13.4.20

[Resenha] Prólogo, ato e epílogo - Memórias de Fernanda Montengero


Com quase um século de vida, finalmente conhecemos a trajetória desta grande artista. Fernanda Montenegro escreve suas memórias entre 2017 e 2019, com a ajuda das entrevistas feitas por Marta Góes, entre 2016 e 2017. Em Prólogo, ato e epílogo, Fernanda usa das divisões clássicas de um texto para narra sua vida. No prólogo conta a história da vinda de seus antepassados para o Brasil, "uma realidade brutal de sobrevivência". Desse modo, a atriz já provoca em nós o reconhecimento de que sua história não começa a partir do  seu nascimento, mas vem de antes, que ela é continuidade de lutas e sonhos. Da mãe, vem a origem italiana e do pai, a portuguesa.

Em ato, ela conta como deixou de ser Arlette Pinheiro da Silva para ser Fernanda Montenegro, encontrou seu companheiro de toda a vida, Fernando Torres, constituiu sua família, viveu entre glórias e lutas a arte do ator, nos palcos e nas telas, mas principalmente sua vida nos palcos. 

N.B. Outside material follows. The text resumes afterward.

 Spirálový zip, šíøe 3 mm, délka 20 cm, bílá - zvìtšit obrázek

Com muita humildade ela conta todos os perrengues que passou pelo sonho de viver O e DO teatro. Mesmo quando teve que começar a trabalhar na tv que era  o que davao sustento para manter-se com o grupo que fundou com o marido, não abandonava os palcos.

Terminamos de ler suas memórias com uma bagagem além de sua vida, mas com o conhecimento do que foi o teatro brasileiro, no eixo Rio-SP, durante décadas. Ela nunca fala só sobre se e comenta de vários nomes importantes do nosso teatro, me emocionei por essa ideia de coletividade tão bonita. E também por ver a grande intelectual que Fernanda é, num mundo que hoje ser atriz na tv é quase sinônimo de ser apenas uma celebridade, ela fala de uma época que ao ator era exigido ler de tudo; e ávida pelo conhecimento, ela lia todos os clássicos e autores do momento. 

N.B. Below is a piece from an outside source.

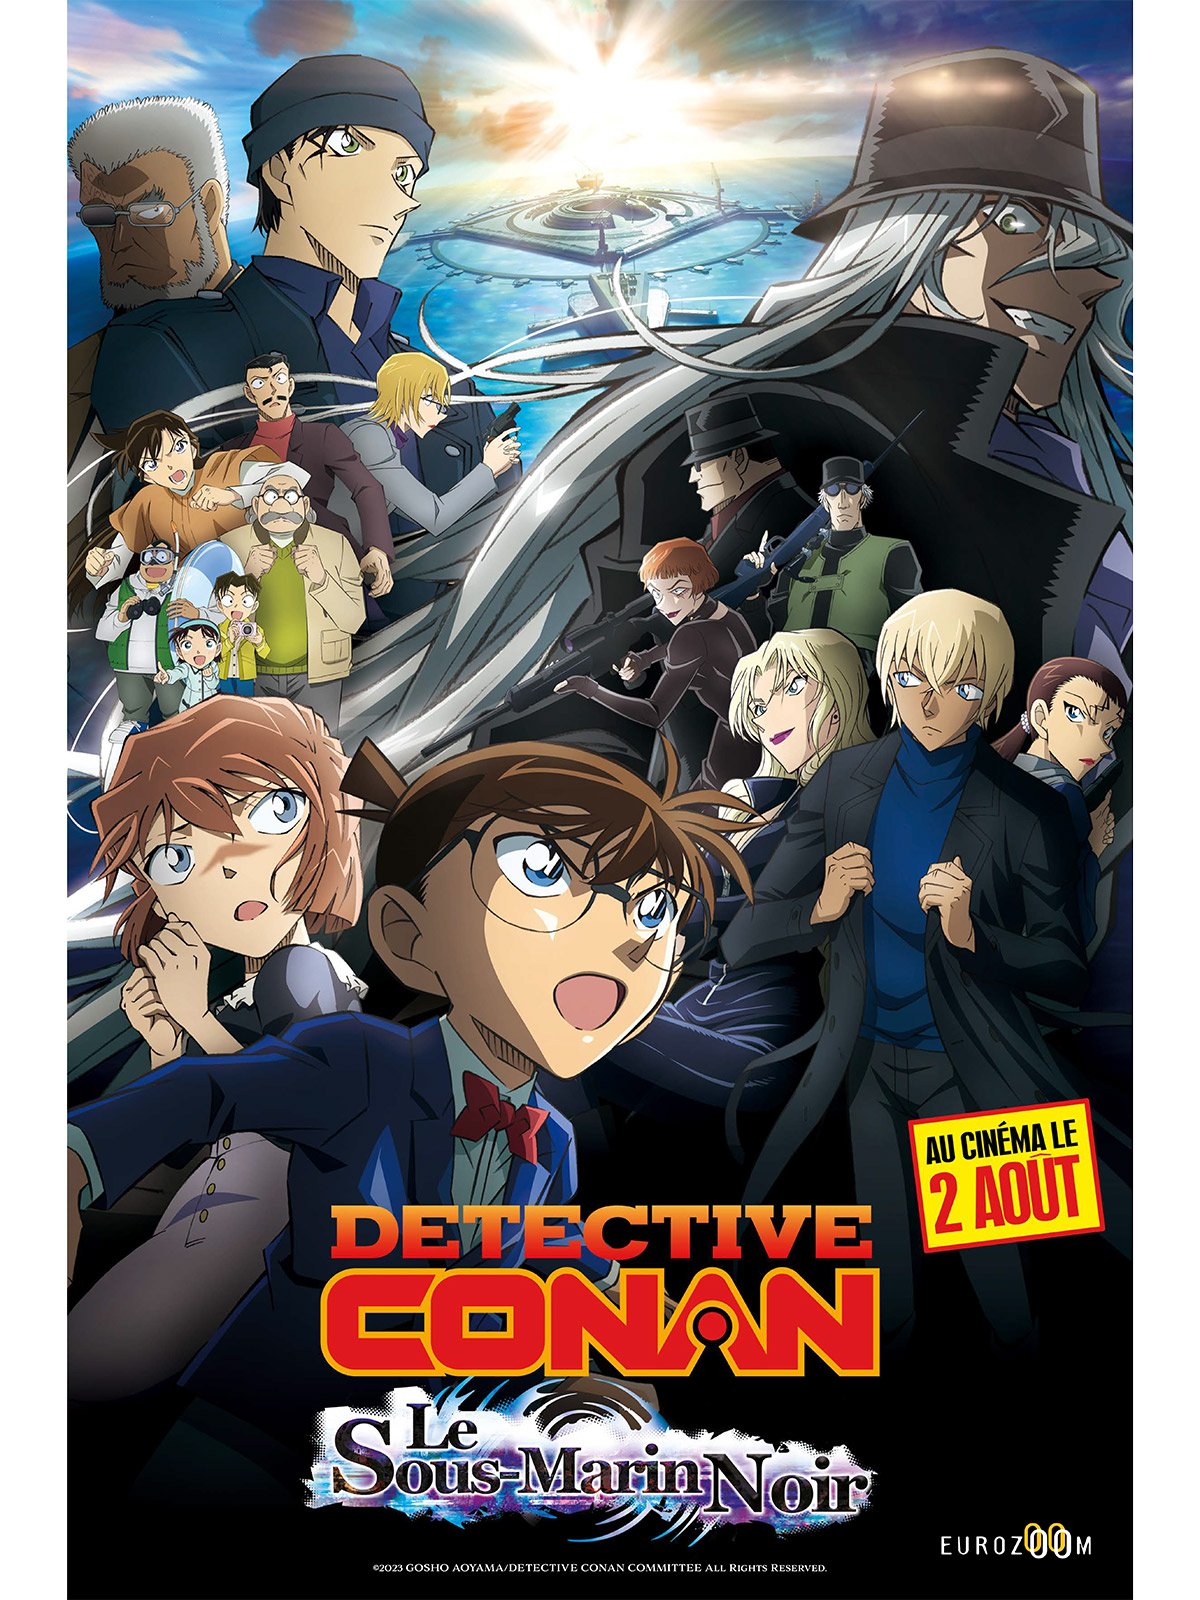 Détective Conan: le sous-marin noir - film 2023

Conta como foi passar pela ditadura militar, em que foi perseguida, e as maneiras de continuar resistindo em tempos sombrios. Ao mencionar seus prêmios e conquistas, percebemos que tudo isso foi consequência de uma vida inteira dedicada integralmente à arte. 

Ela relata a instabilidade da vida artística, e como durante décadas, ela e o marido estavam sempre tentando driblar as dificuldades, dos momentos em que não sabiam como pagar o aluguel do mês e ensaiavam de madrugada para dar conta do teatro e dos trabalhos na tv. 

Uma biografia emocionante e digo que essencial não só para atores e amantes do teatro, mas qualquer um que queira saber mais da arte no Brasil pelas memórias de uma grande mulher. Quero salientar que Fernanda não é perfeita, algumas coisas eu discordo dela sim, mas isso de maneira alguma retiraria minha admiração por sua trajetória. Acho que em algumas situações (ALGUMAS) é possível discordar de uma artista e ainda admirá-la. 

"Por mais longa que seja a vida do ator, ele não tem como declarar "Estou pronto". E se o fizer, não é do ramo".